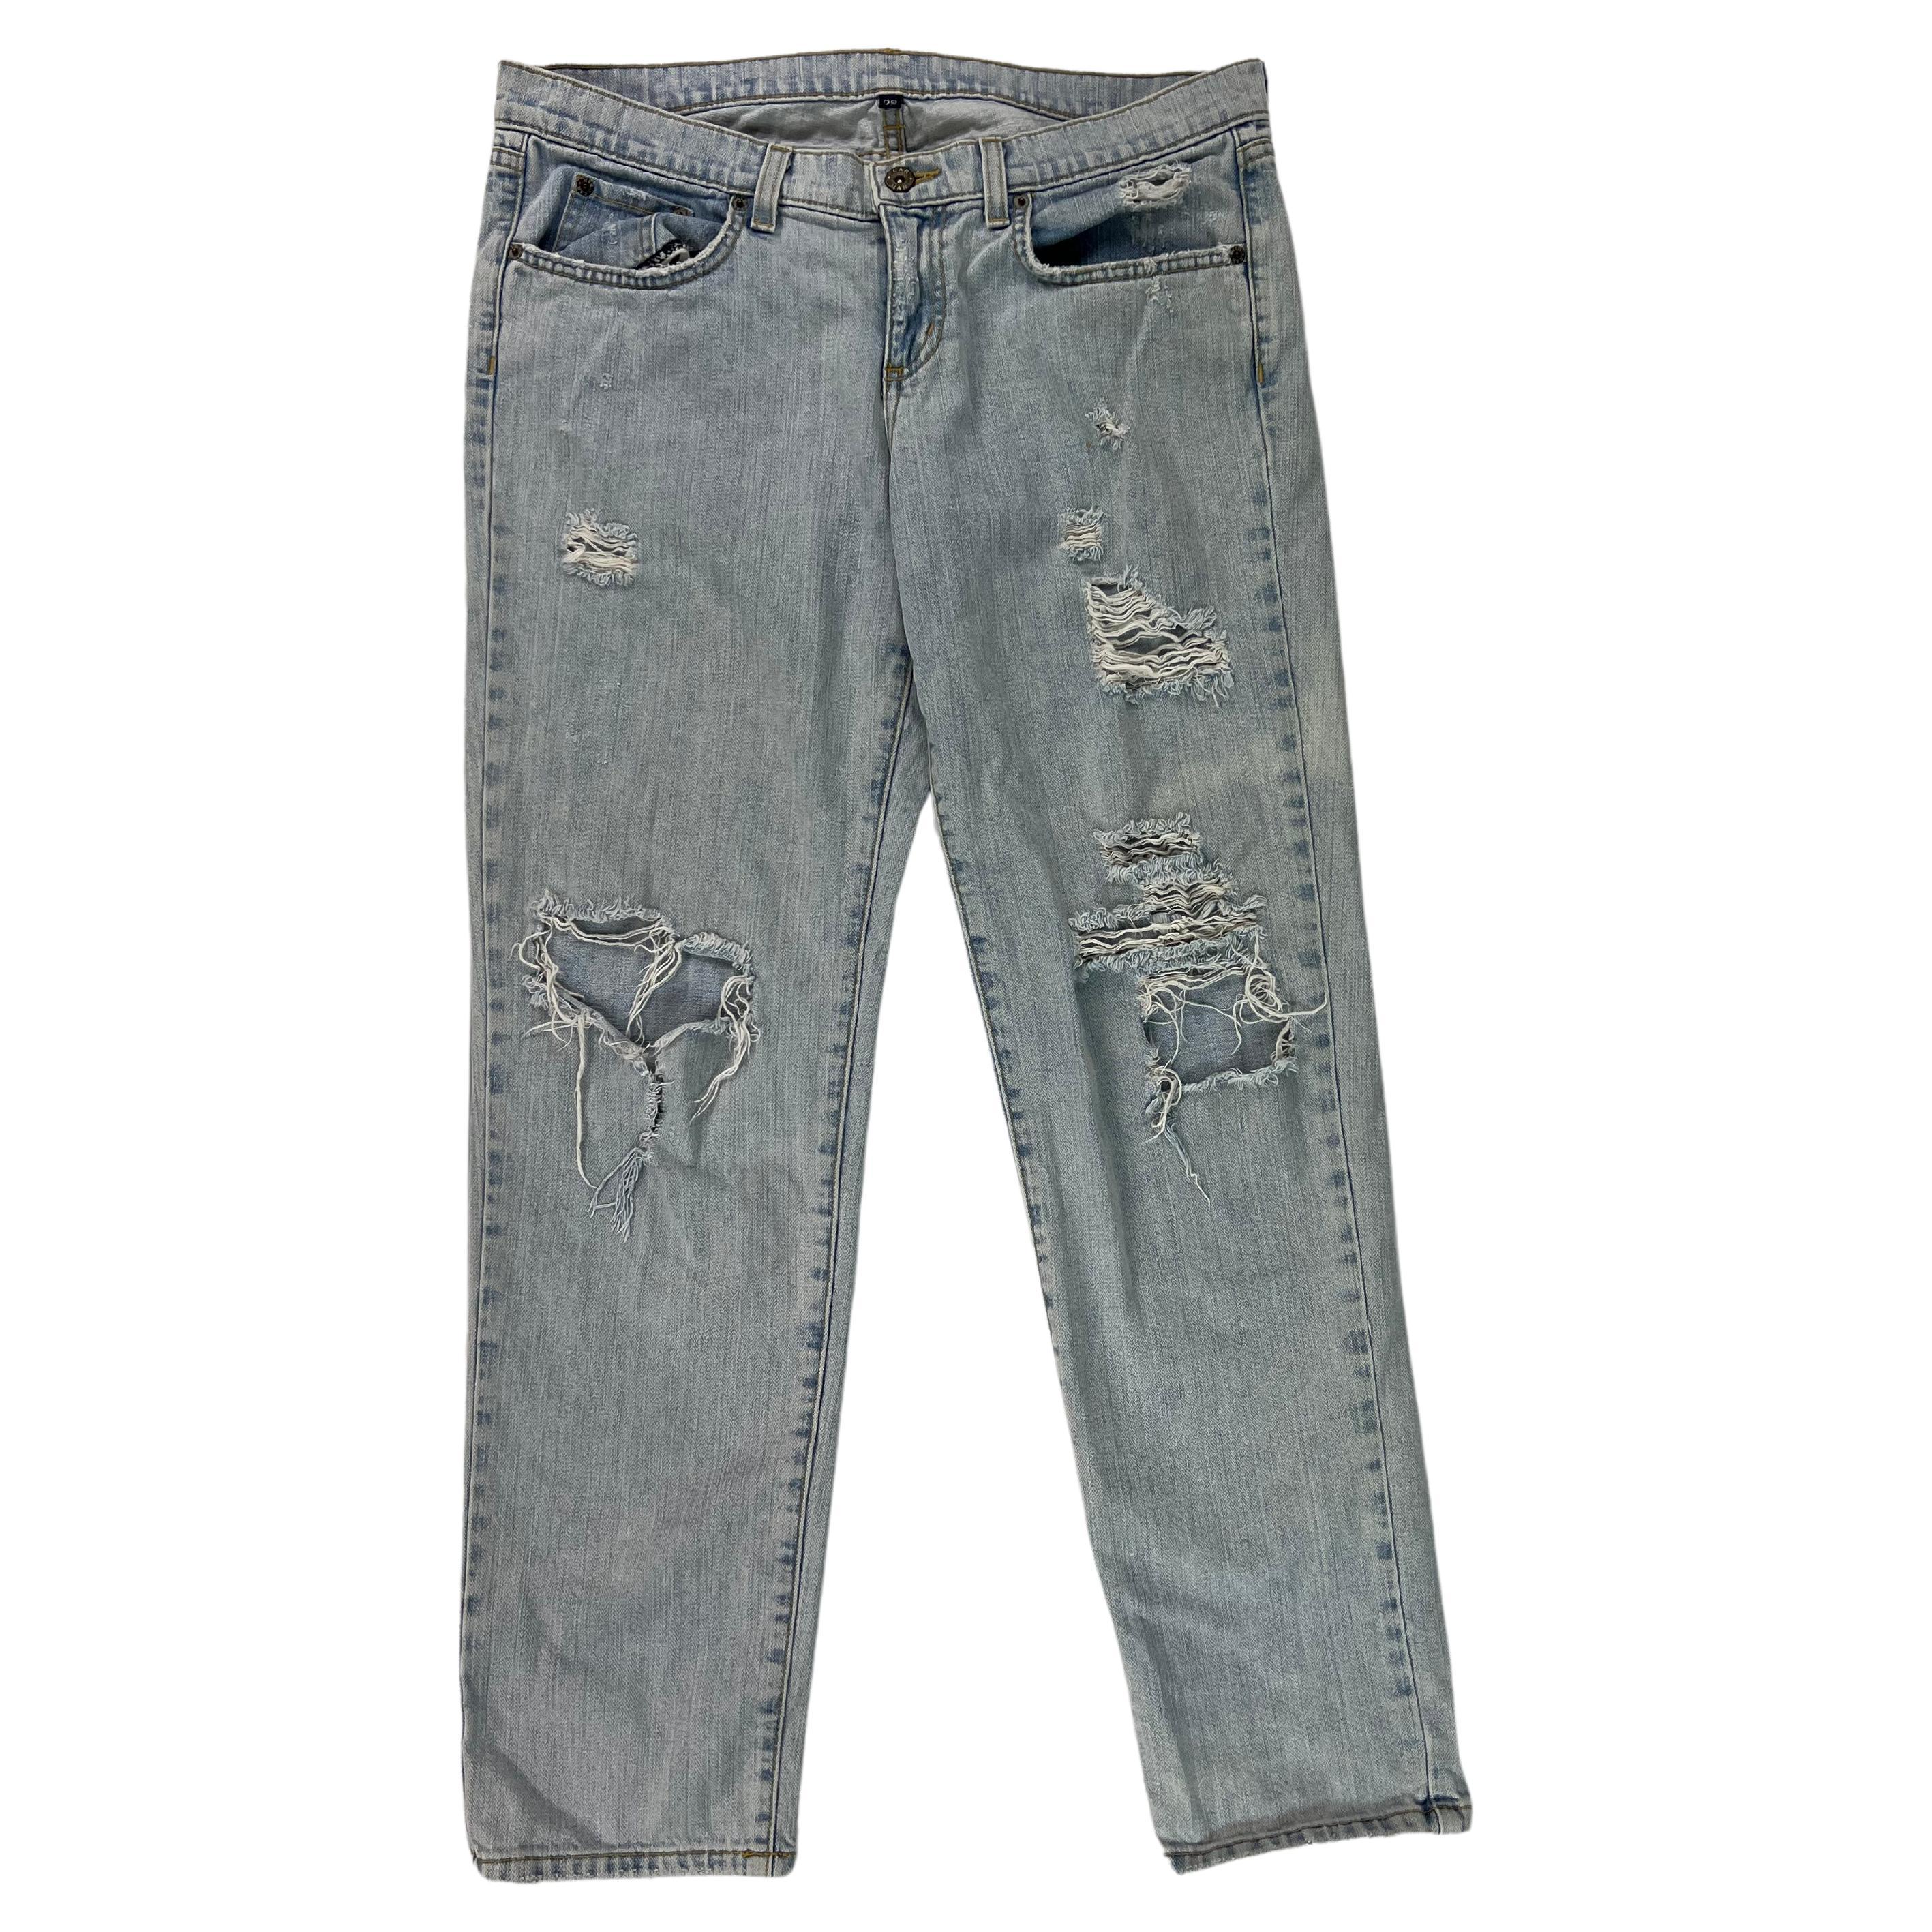 Carmar - Pantalon en jean denim, taille 29
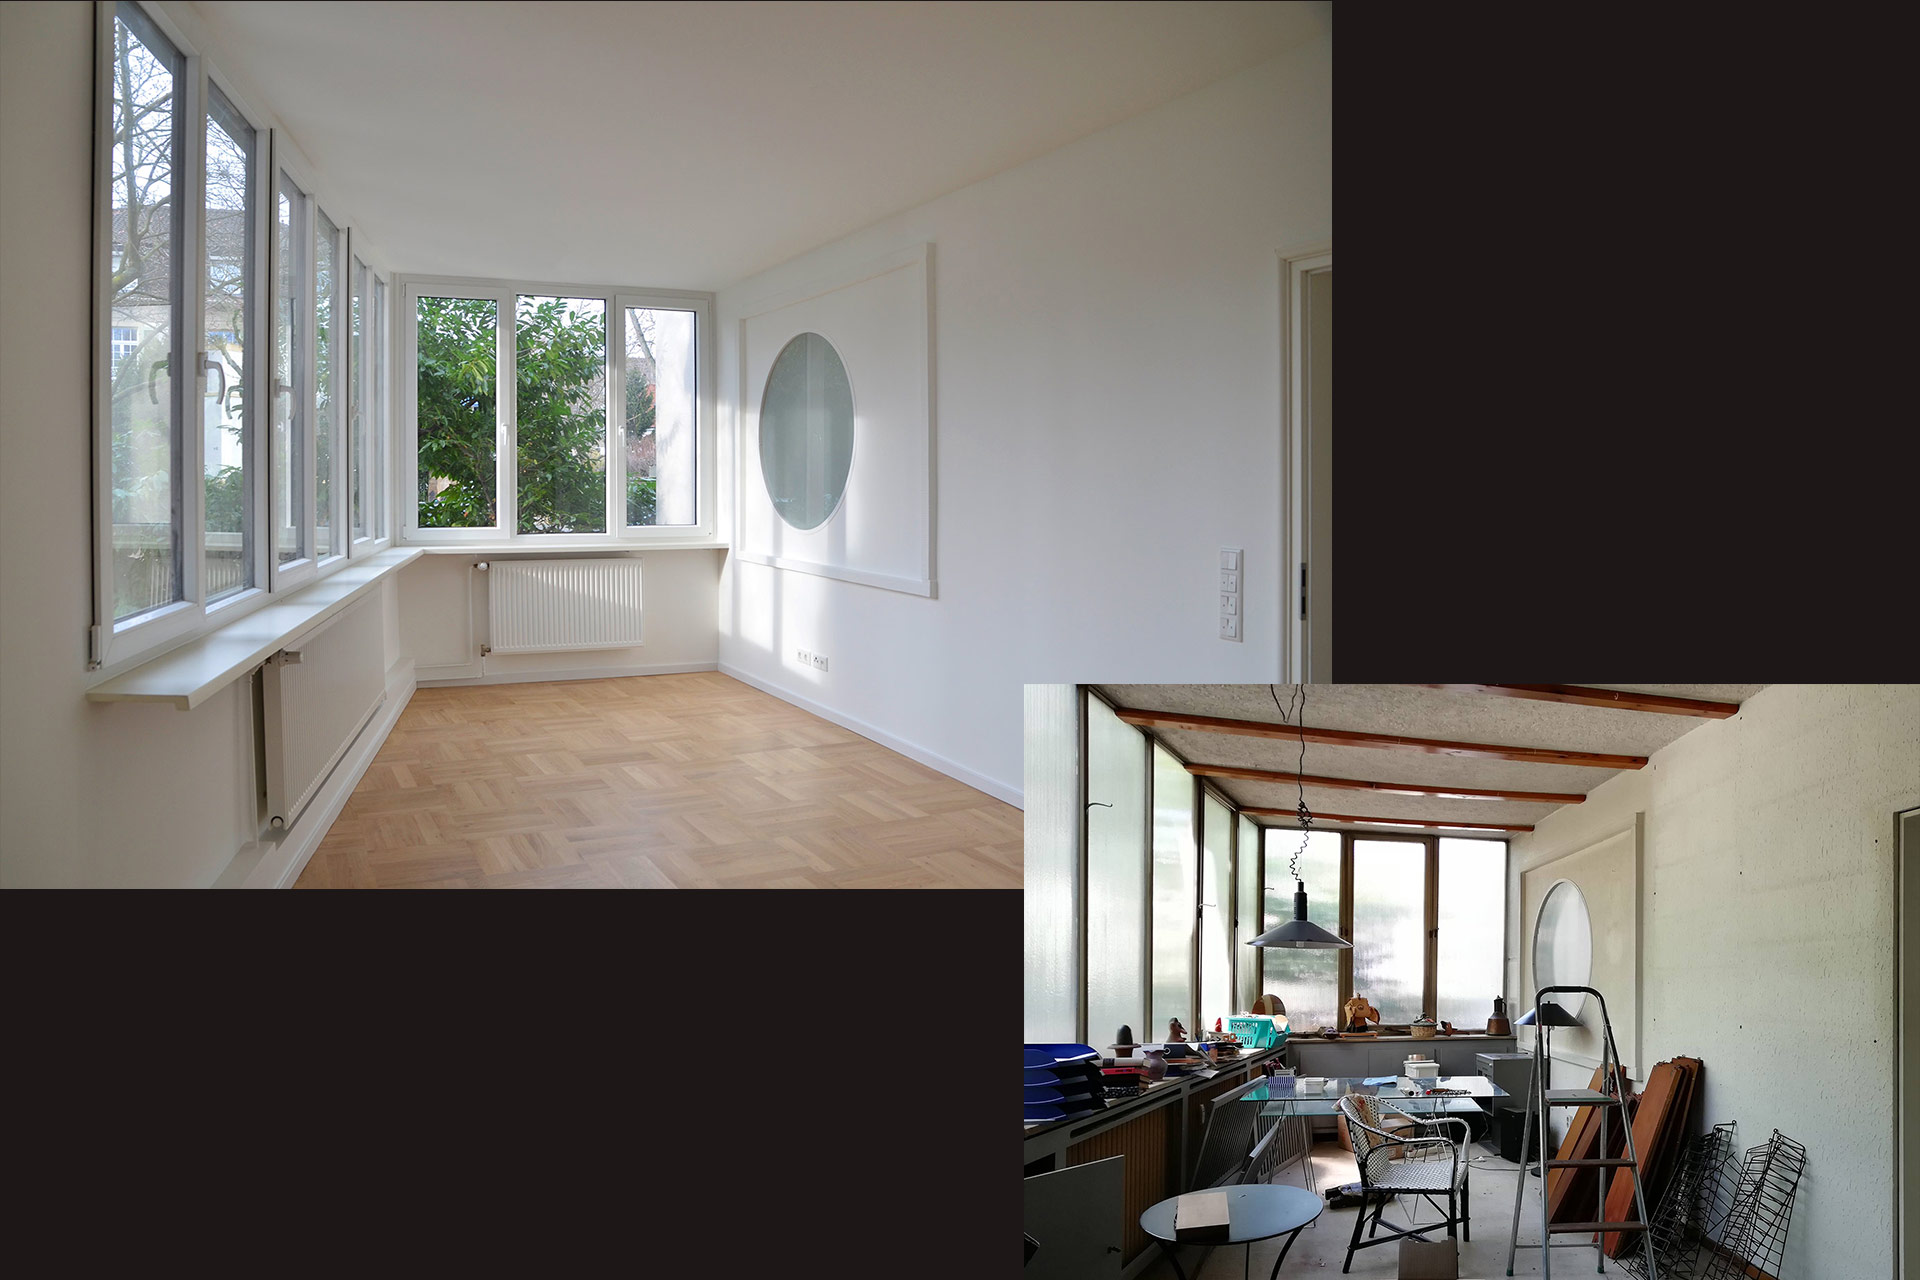 Strobel Architekten | Projekt "LS 18" Gartenzimmer: vorher - nachher
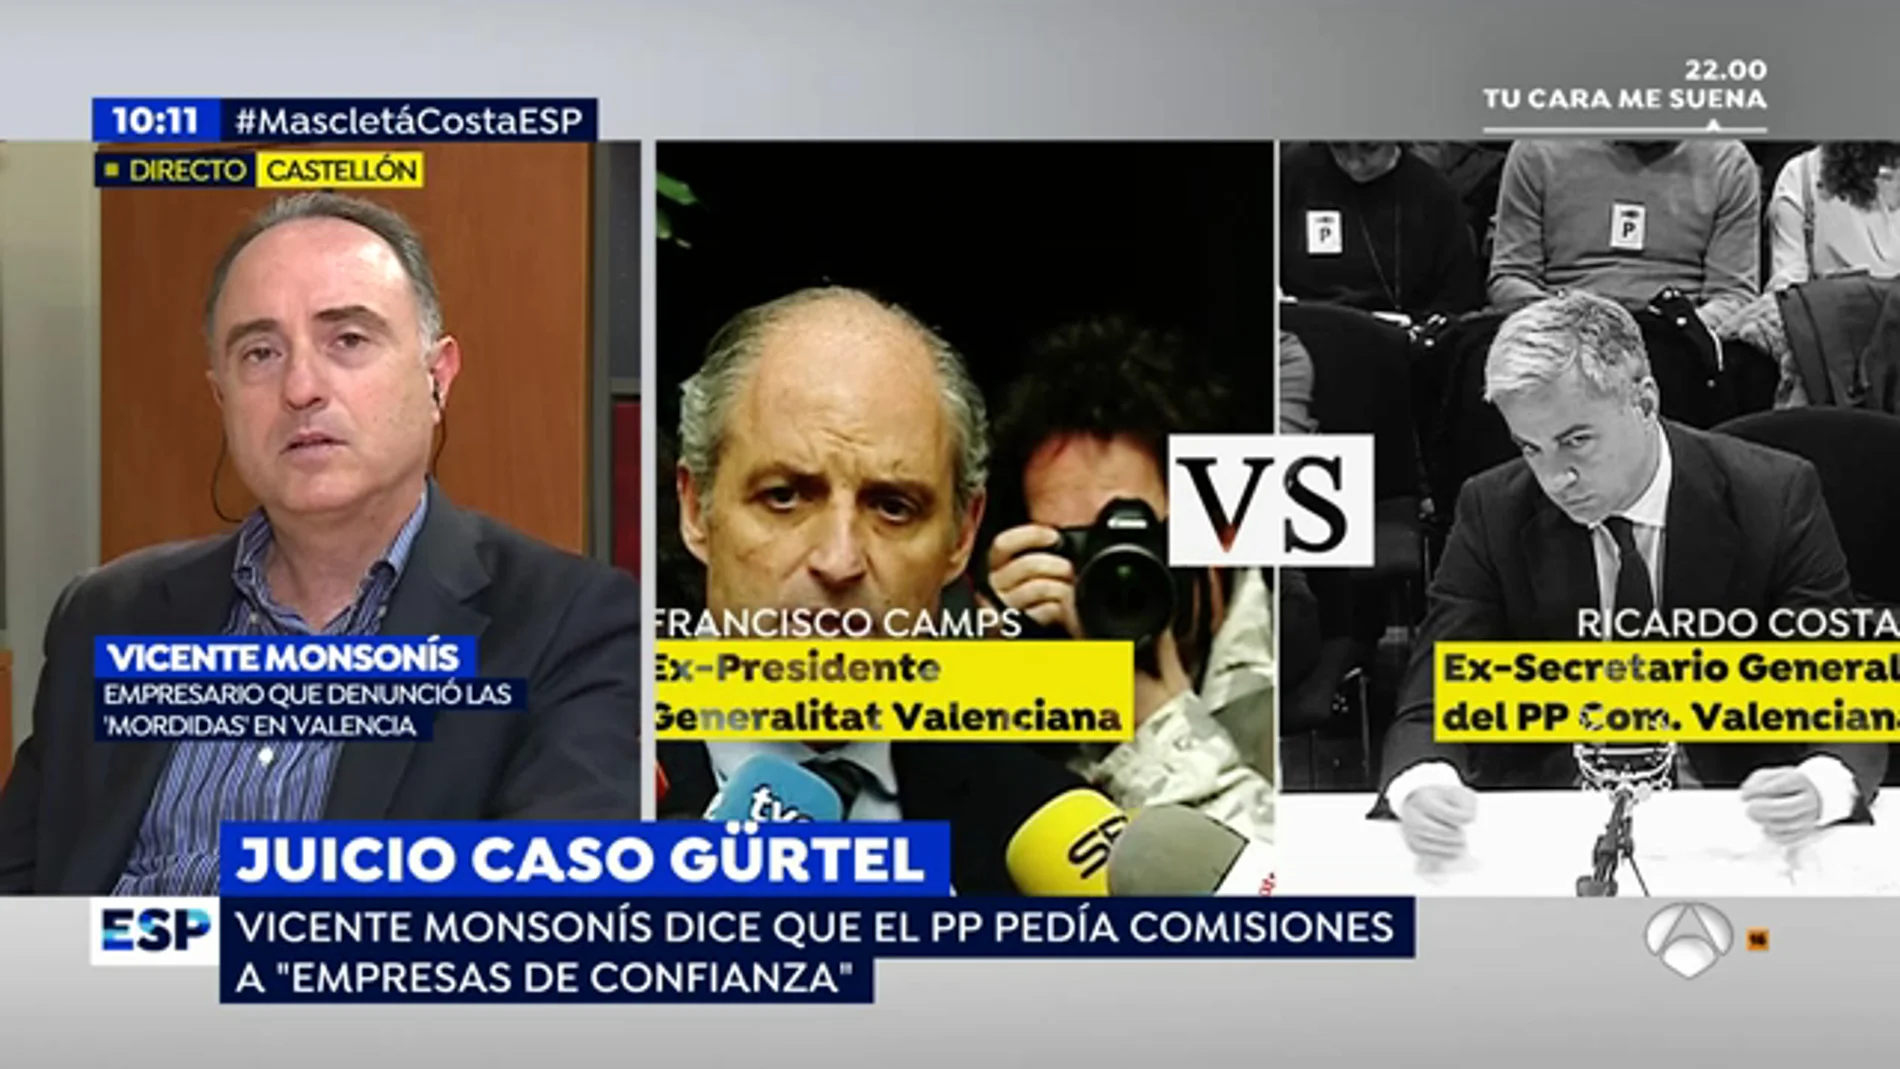  El empresario Vicente Monsonís, sobre el caso Gürtel: "el PP pedía comisiones a 'empresas de confianza'"

*WHAT IS NEEDED*. Everything from the line containing "Strobel Architekten |" to the last line of the listing above is to be written out exactly, except the pictures, and nothing else.

*TASK RESULT*.
 Strobel Architekten | Projekt "LS 18" Gartenzimmer: vorher - nachher
  El empresario Vicente Monsonís, sobre el caso Gürtel: "el PP pedía comisiones a 'empresas de confianza'"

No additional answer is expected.